• **WHAT TO WORK ON**
Your task is to return exactly the lines that run from the one containing "Christopher Luk Markham" through the end of the listing below, without any pictures.

____ DATA

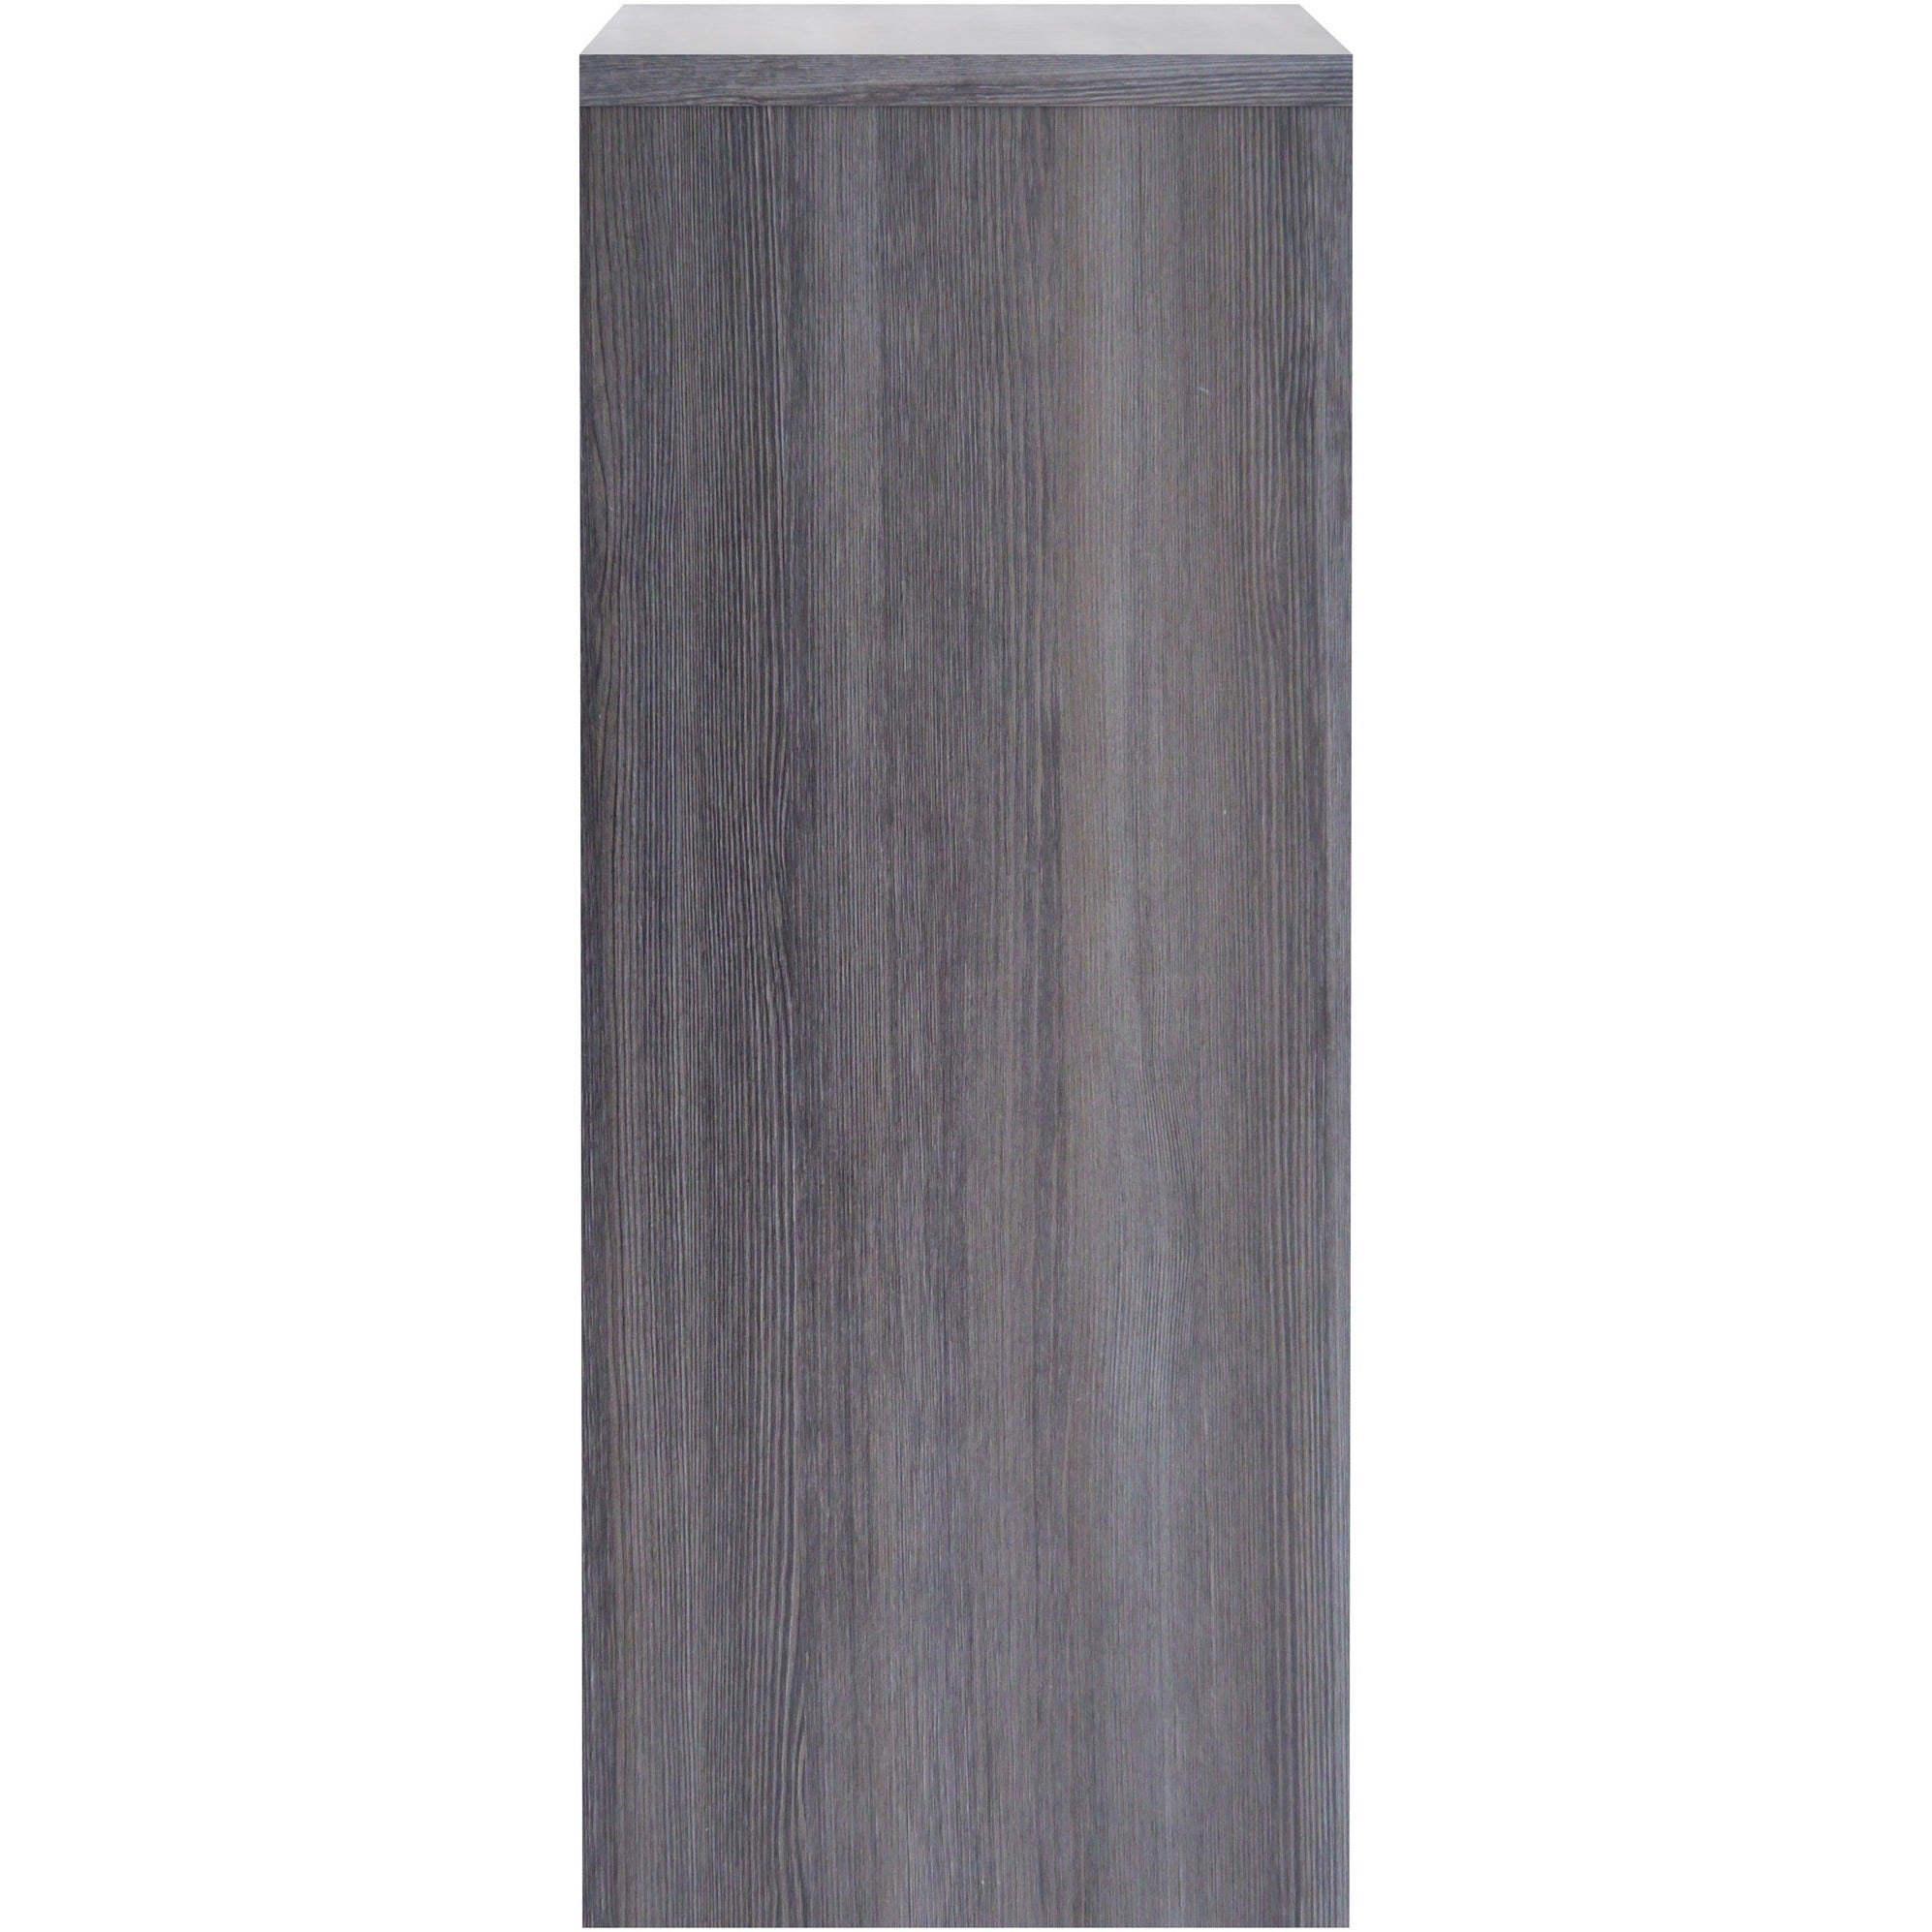 lorell-essentials-series-stack-on-hutch-with-doors-48-x-1536-3-doors-finish-weathered-charcoal-laminate_llr69621 - 4
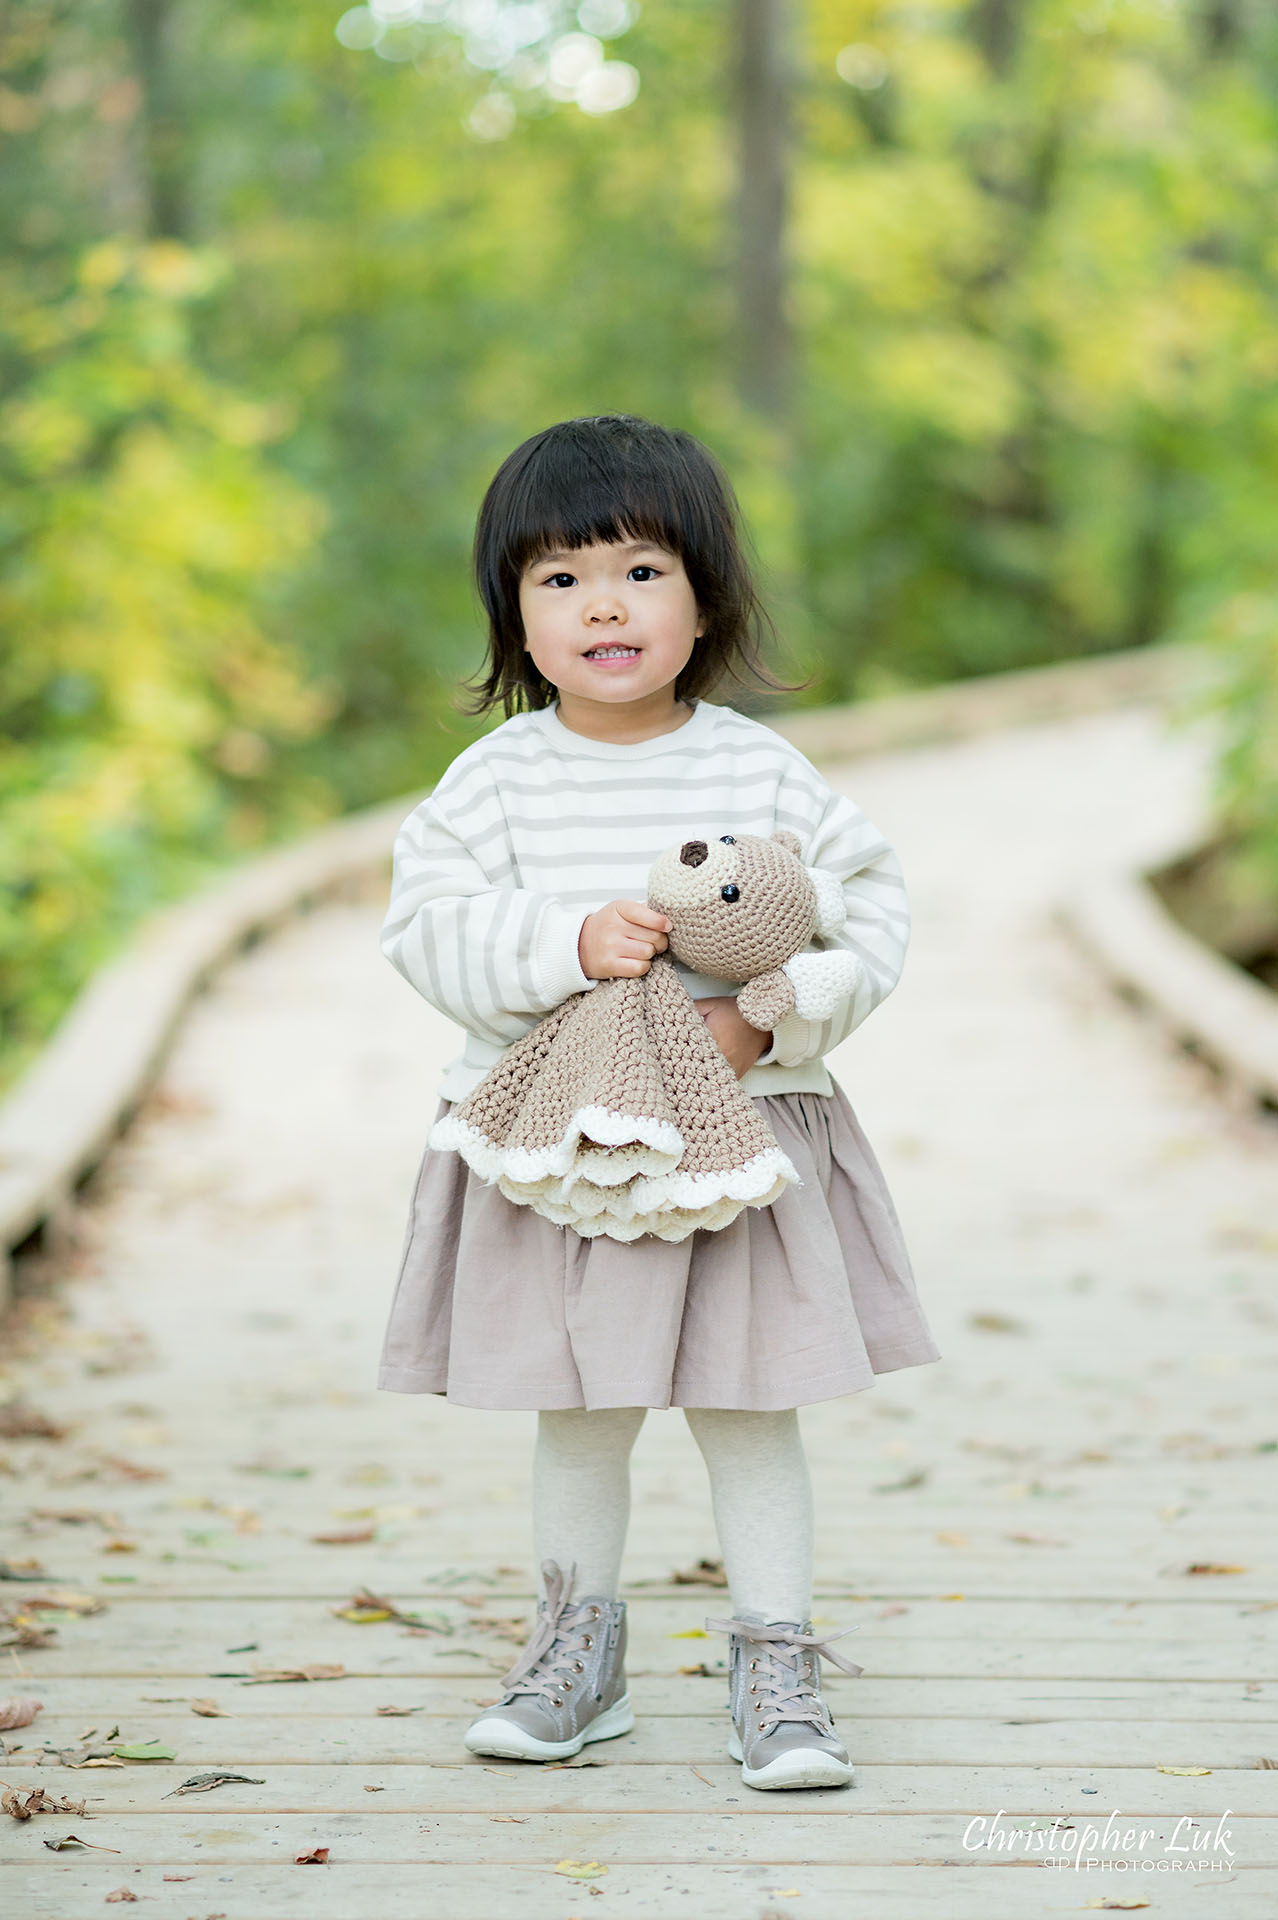 Christopher Luk Markham Family Photographer Autumn Leaves Fall Season Candid Photojournalistic Natural Bright Timeless Daughter Sister Stuffed Animal Smile
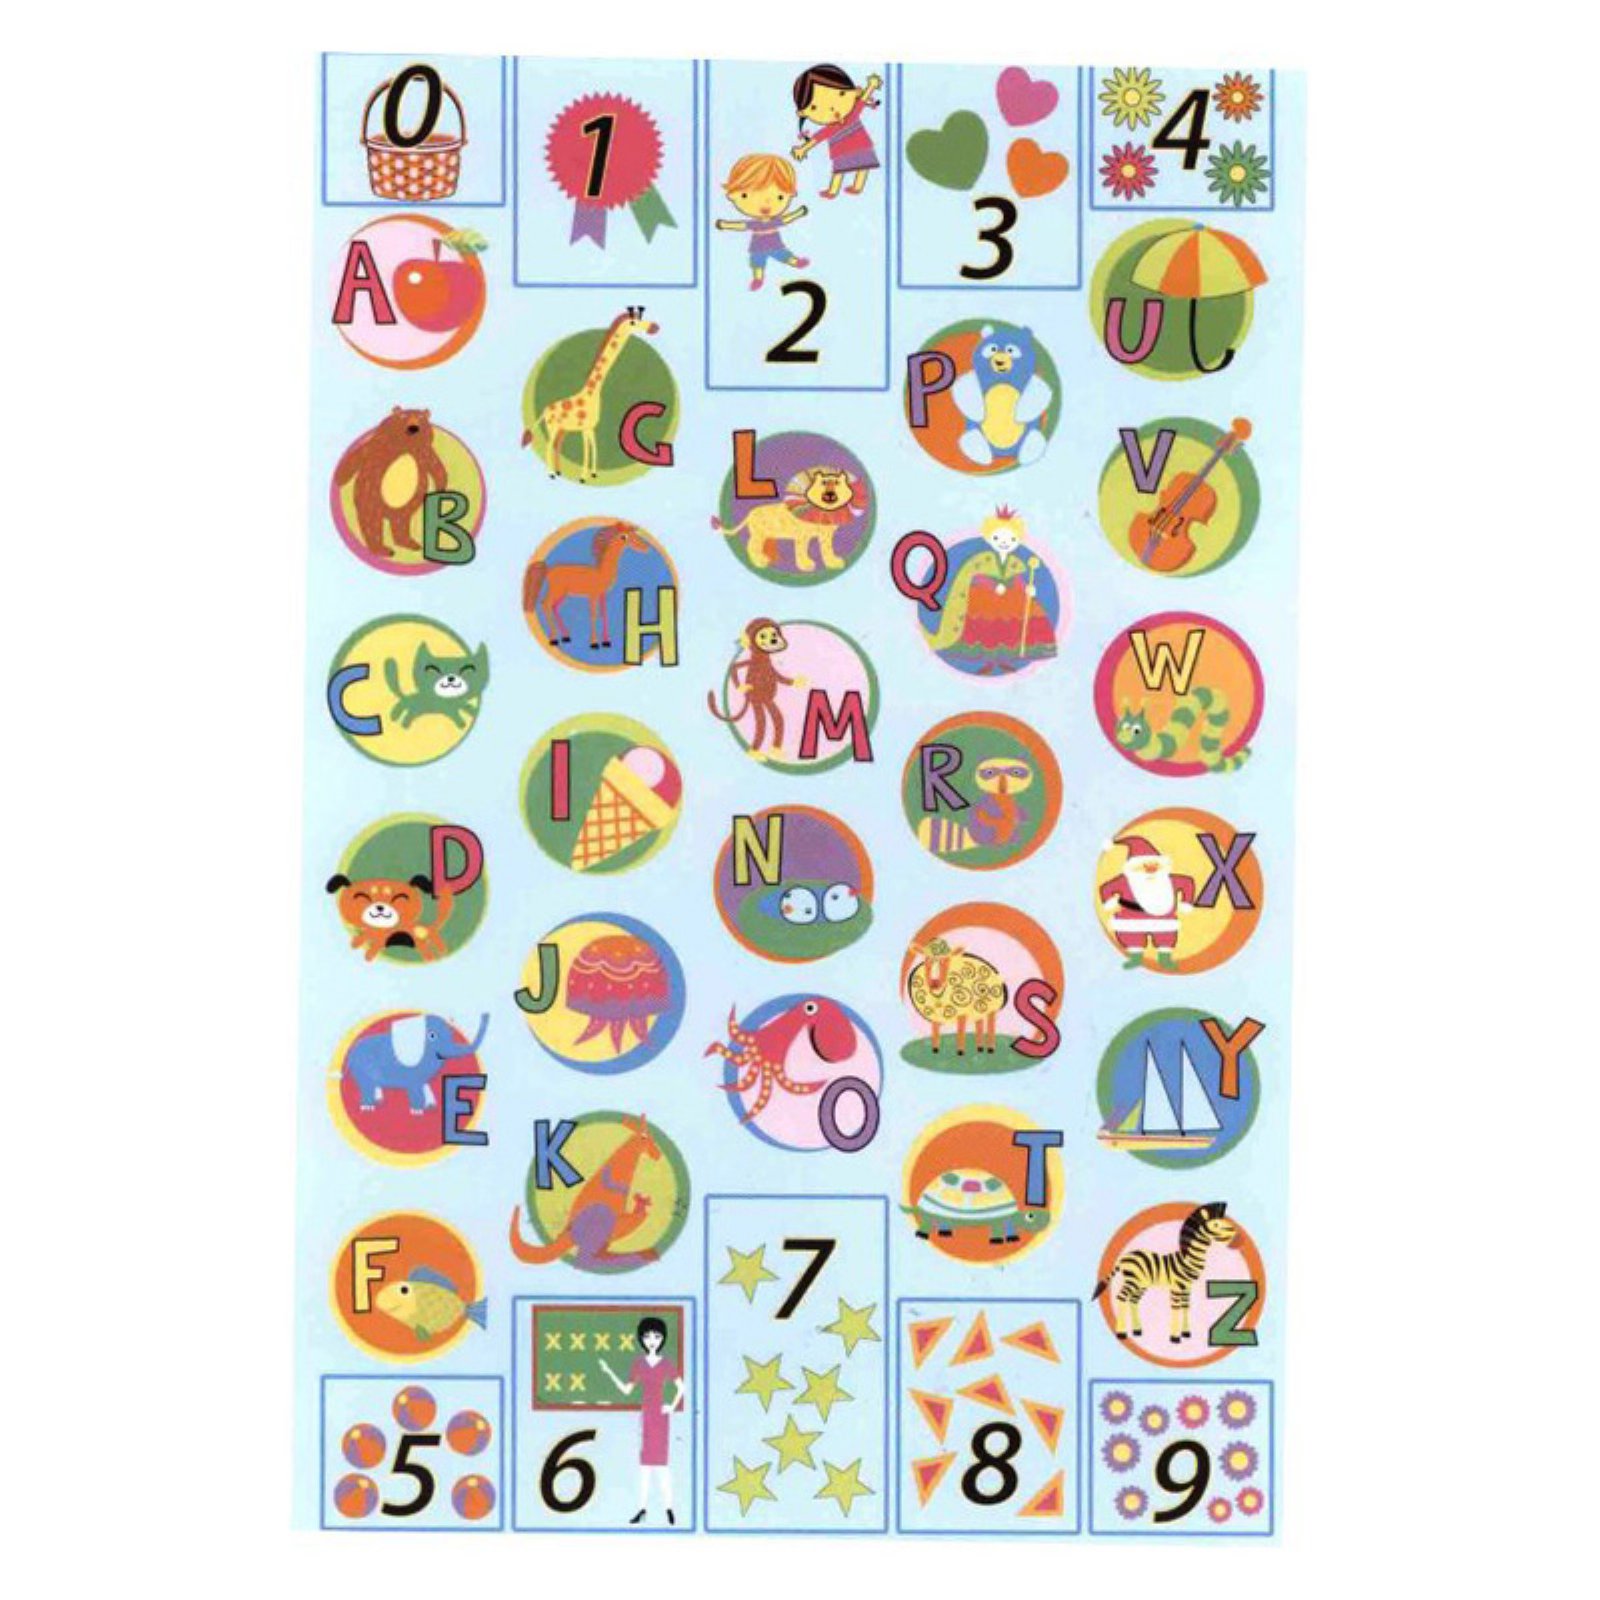 Fun Rugs Fun Time Area Rug FT-514 Now I Know My Abc's Multi-Color 6' 8" x 10' Rectangle - image 1 of 2

________

• **ANSWER SECTION**
 Christopher Luk Markham Family Photographer Autumn Leaves Fall Season Candid Photojournalistic Natural Bright Timeless Daughter Sister Stuffed Animal Smile
 Fun Rugs Fun Time Area Rug FT-514 Now I Know My Abc's Multi-Color 6' 8" x 10' Rectangle - image 1 of 2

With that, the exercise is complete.